Sur le plan physique (corporel, racial, sexuel)
Honte d'être sale, d'être mal habillé, de sentir mauvais. Honte d'une partie de son corps, honte d'avoir un handicap. Honte d'être trop gros, trop grand ou trop petit. Honte d'être noir, jaune, blanc ou métisse. Honte d'être sourd, muet, borgne. Honte de dévoiler sa nudité, son impuissance, ses insatisfactions. Honte de se montrer, d'être vu. Honte de son sexe, honte de sa sexualité, honte de ses besoins corporels et sexuels.
Sur le plan affectif (familial et amical)
Honte de ses proches, de ceux qu’on aime, d’un parent, d’un frère, d’une soeur, d’un ami. Honte d'être le fils ou la fille de untel, honte d'être le "batard", honte d'être l'enfant du secret ou de la faute. Honte d’avoir honte de ceux qu’on aime et dont on a besoin d’être aimé. Honte de son infidélité ou de sa fidélité aux parents qu'on devrait honorer. Honte de ses besoins affectifs.
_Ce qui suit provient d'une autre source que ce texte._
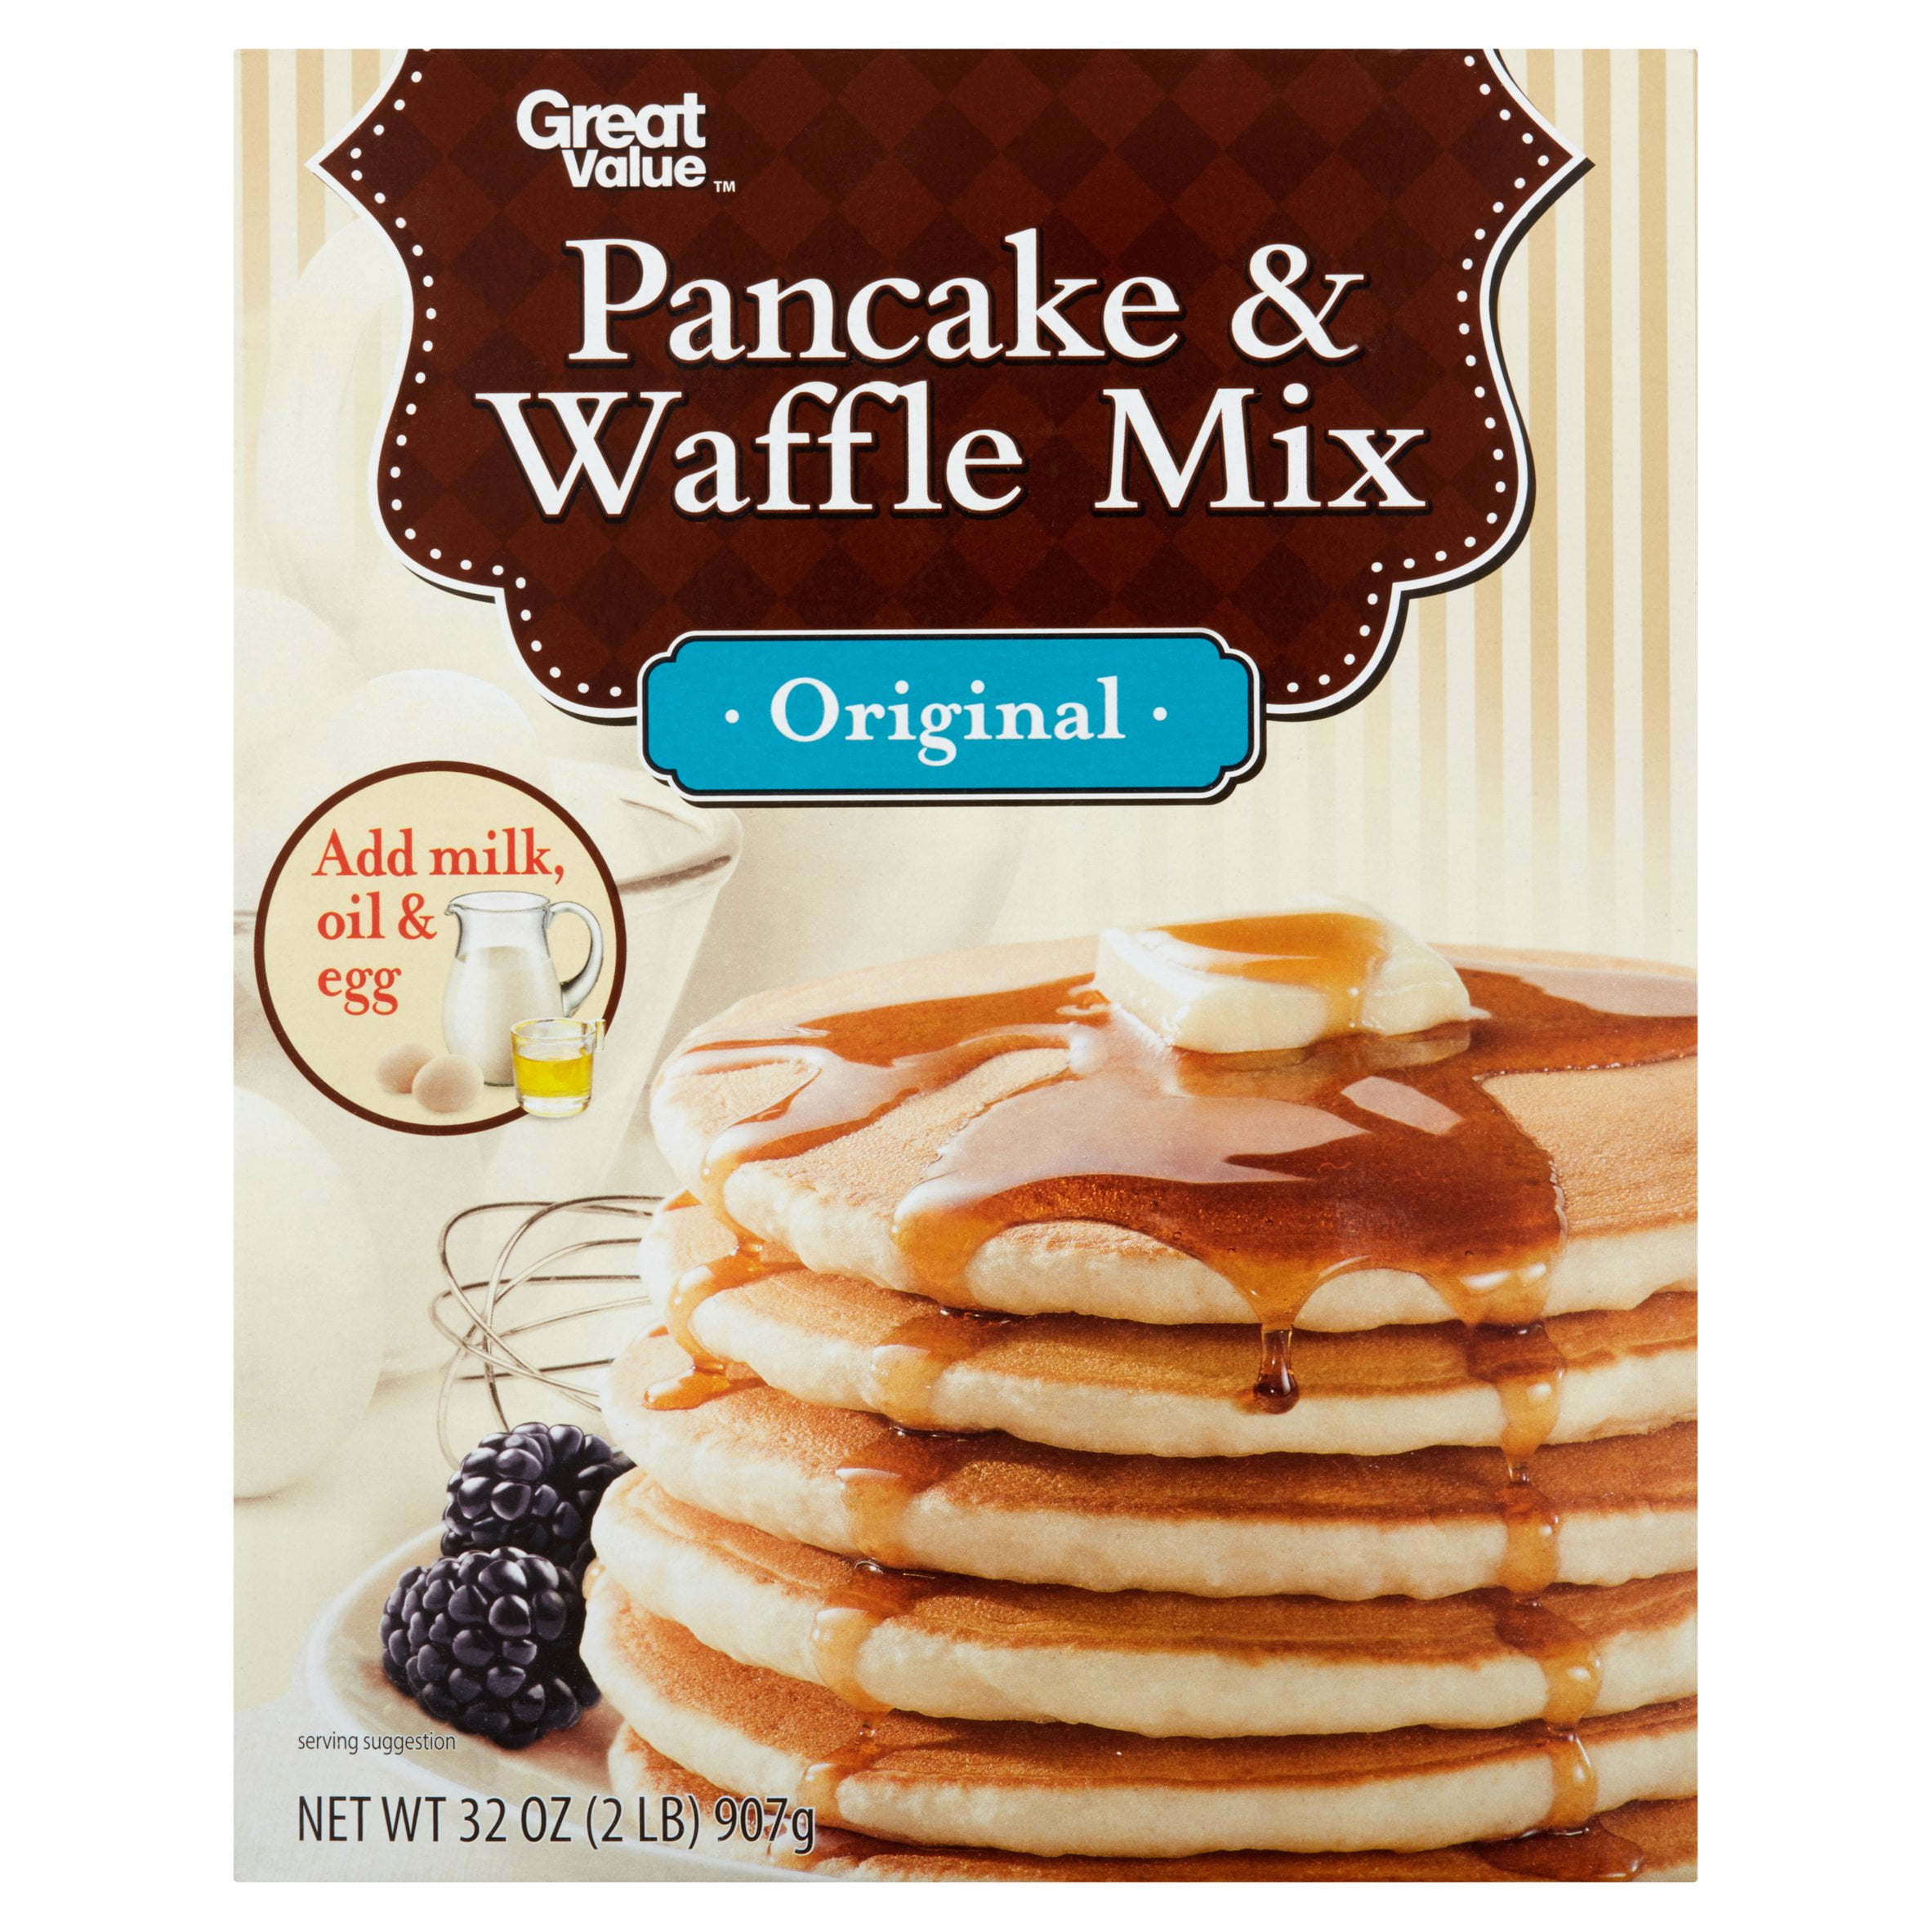 Great Value Original Pancake & Waffle Mix, 32 oz - Walmart.com

Sur le plan cognitif (intellectuel)
Honte de ne rien valoir, de ne rien savoir. Honte d'être un nul. Honte d'être analphabète. Honte d'être incompétent. Honte d'être un manuel, de ne pas avoir de diplôme. Honte d'être un intello, d'avoir trop de diplômes, honte d'être "une tronche" ou "une tête".
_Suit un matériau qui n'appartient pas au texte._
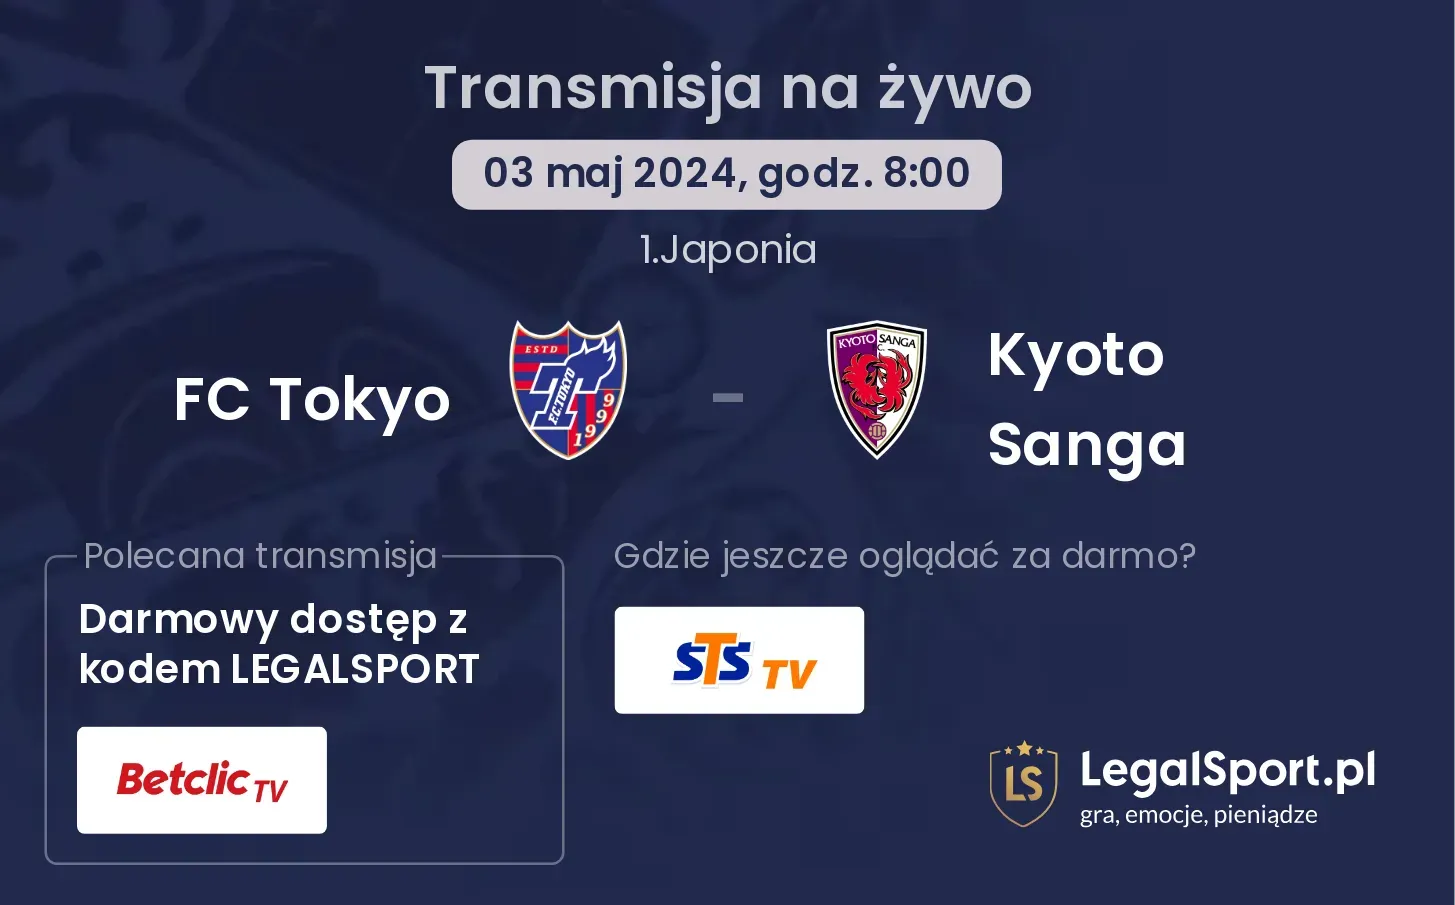 FC Tokyo - Kyoto Sanga transmisja na żywo

Sur le plan social et économique
Honte d’appartenir à un groupe, à une religion, à une entité économique, sociale, professionnelle: honte d'être un "prolo", d'être un bourgeois, d'être "catho" ou juif. Honte d'être pauvre, miséreux, chômeur, RMIste ou d'être parmi les exclus.
Sur le plan spirituel
Honte de n’avoir aucun sens à donner à sa vie, de ne pas être utile. Honte d’avoir perdu le désir d’exister. Honte d'être un pauvre type, d'être un paumé, un salaud ou mauvais. Honte d’être un homme confronté à l’inhumanité d’autres hommes.
Transmission de la honte
La honte est sociale. Il n'y a pas de honte sans l'existence d'autrui. Elle est un affect éminemment contagieux, qui se transmet de personne à personne dans une logique de verticalité. Le message complet est généralement inconscient, on peut le traduire ou le décoder ainsi dans sa globalité: "Il y a quelque chose qui cloche chez toi, tu dois en avoir honte !". On peut compléter le message ainsi: "Ce quelque chose fait que tu ne peux pas être O.K, tu ne peux pas être accepté ou aimé, tu n'es pas digne de cela, tu es moins bien que les autres".
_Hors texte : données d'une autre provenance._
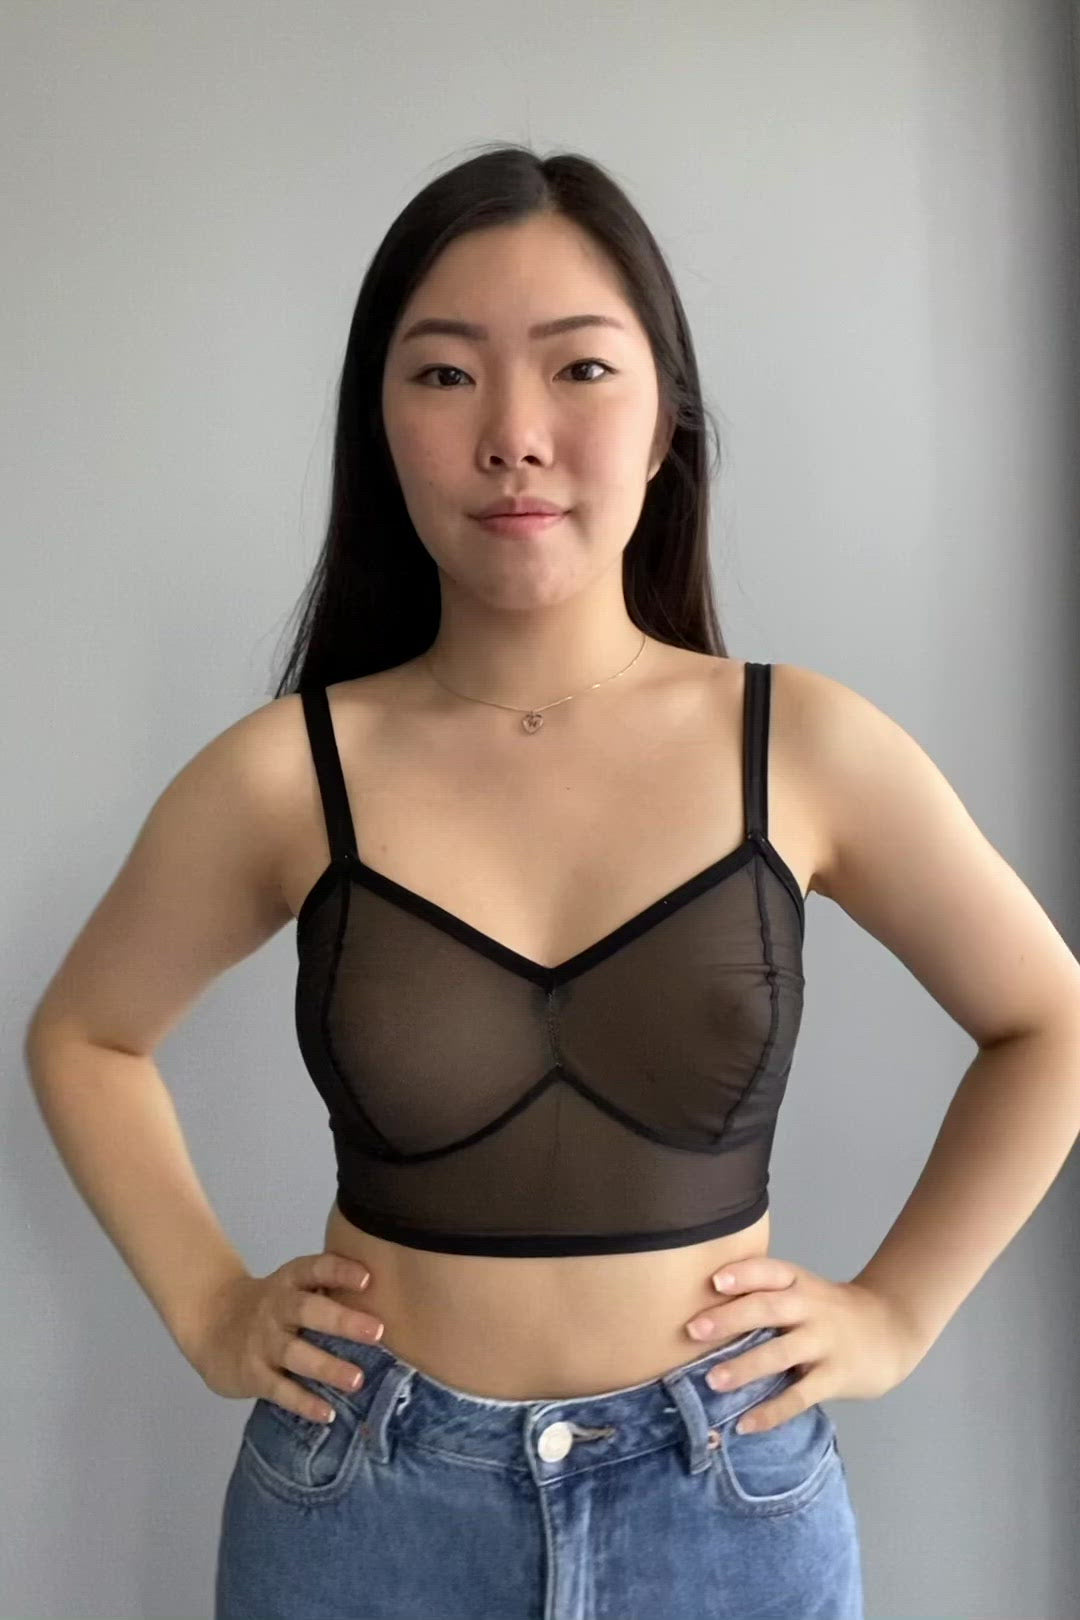 What coloured bra is best to wear under a sheer black fine mesh

Le quelque chose qui cloche est généralement visible, indiscutable ou inchangeable. La personne ne peut que se sentir en faute ou coincée au niveau du contenu, son honneur et sa dignité étant touchés.
La honte nécessite obligatoirement la présence d'un autre dans l'environnement: le tiers honnisseur. Le tiers honnisseur peut être singulier (un parent, un professeur...) ou pluriel (des camarades de classe, les parents, un groupe,...). L'honnisseur est celui qui fait honte, qui met la honte, qui rajoute parfois "T'as pas honte !". Le tiers honnisseur implique que, à terme, la présence de l’autre peut être dangereuse pour le sujet, car susceptible de réactiver le vécu douloureux de la honte.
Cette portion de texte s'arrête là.